Neural Style is a very interesting in-depth learning application: input a picture of the representative content and a picture of the representative style, and the in-depth learning network will output a new work that combines the style and content.
TensorFlow is Google's most popular open source in-depth learning framework. Author anishathalye implements Neural Style using TensorFlow and puts it open source on GitHub. This paper makes a deep analysis of his code. Please click on the code Here.
Pretrained VGG-19 Model
VGG ranked first and second respectively on ILSVRC localization and classification in 2014. VGG-19 is one of the models. The official website provides pre-trained coefficients, which are often used by the industry to transform the features of original pictures.

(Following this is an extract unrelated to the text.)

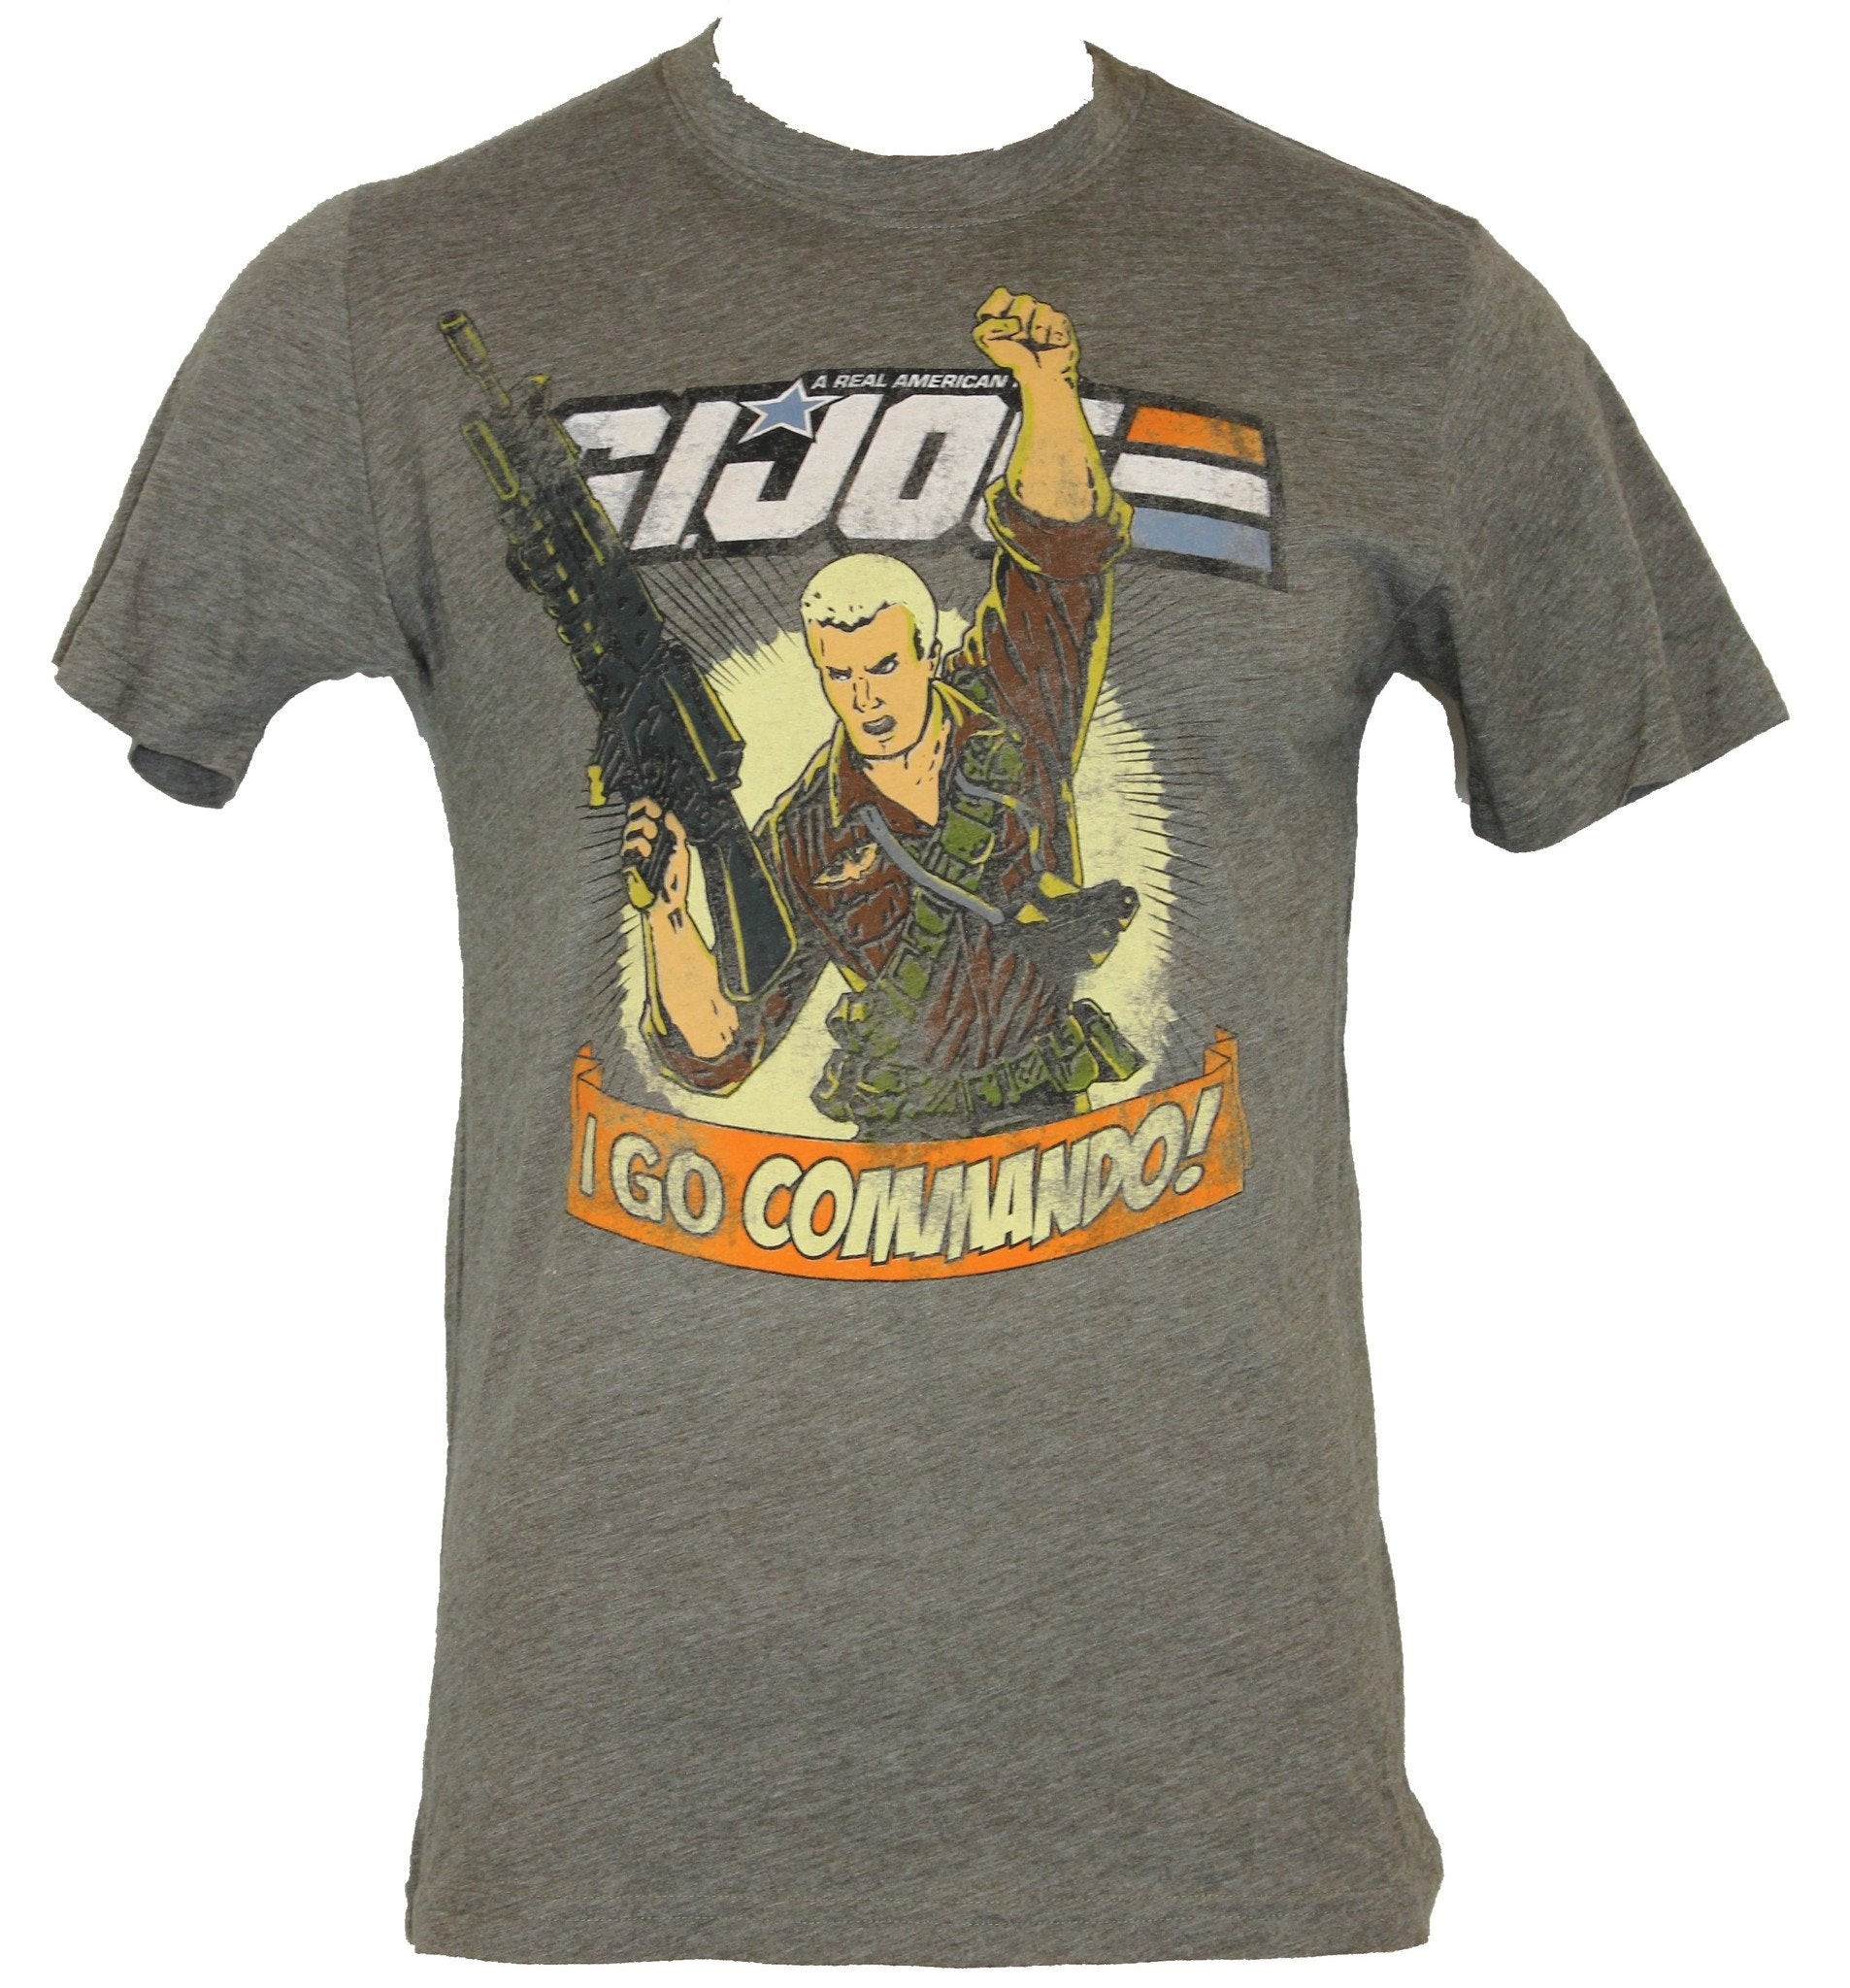 GI Joe (G.I. Joe)  Mens T-Shirt - "I Go Commando!" Duke Screaming Image

VGG-19 is a very deep neural network with 19 layers. Its basic structure is as follows:
The first several layers are the alternation of convolution and maxpool, each convolution contains several convolution layers, and the last one is followed by three full connection layers. Specifically, the first convolution contains two convolution layers, the second convolution contains two convolution layers, the third convolution contains four convolution layers, the fourth convolution contains four convolution layers, and the fifth convolution contains four convolution layers. Therefore, there are 16 convolution layers, plus three full-connection layers, a total of 19 layers, which is called VGG-19 model. The neural network structure of VGG-19 is shown in the following table:
Neural Style only relies on the convolution layer of VGG-19. Need to use the neural network layer to enumerate as follows:
VGG19_LAYERS = ( 'conv1_1', 'relu1_1', 'conv1_2', 'relu1_2', 'pool1', 'conv2_1', 'relu2_1', 'conv2_2', 'relu2_2', 'pool2', 'conv3_1', 'relu3_1', 'conv3_2', 'relu3_2', 'conv3_3', 'relu3_3', 'conv3_4', 'relu3_4', 'pool3', 'conv4_1', 'relu4_1', 'conv4_2', 'relu4_2', 'conv4_3', 'relu4_3', 'conv4_4', 'relu4_4', 'pool4', 'conv5_1', 'relu5_1', 'conv5_2', 'relu5_2', 'conv5_3', 'relu5_3', 'conv5_4', 'relu5_4' )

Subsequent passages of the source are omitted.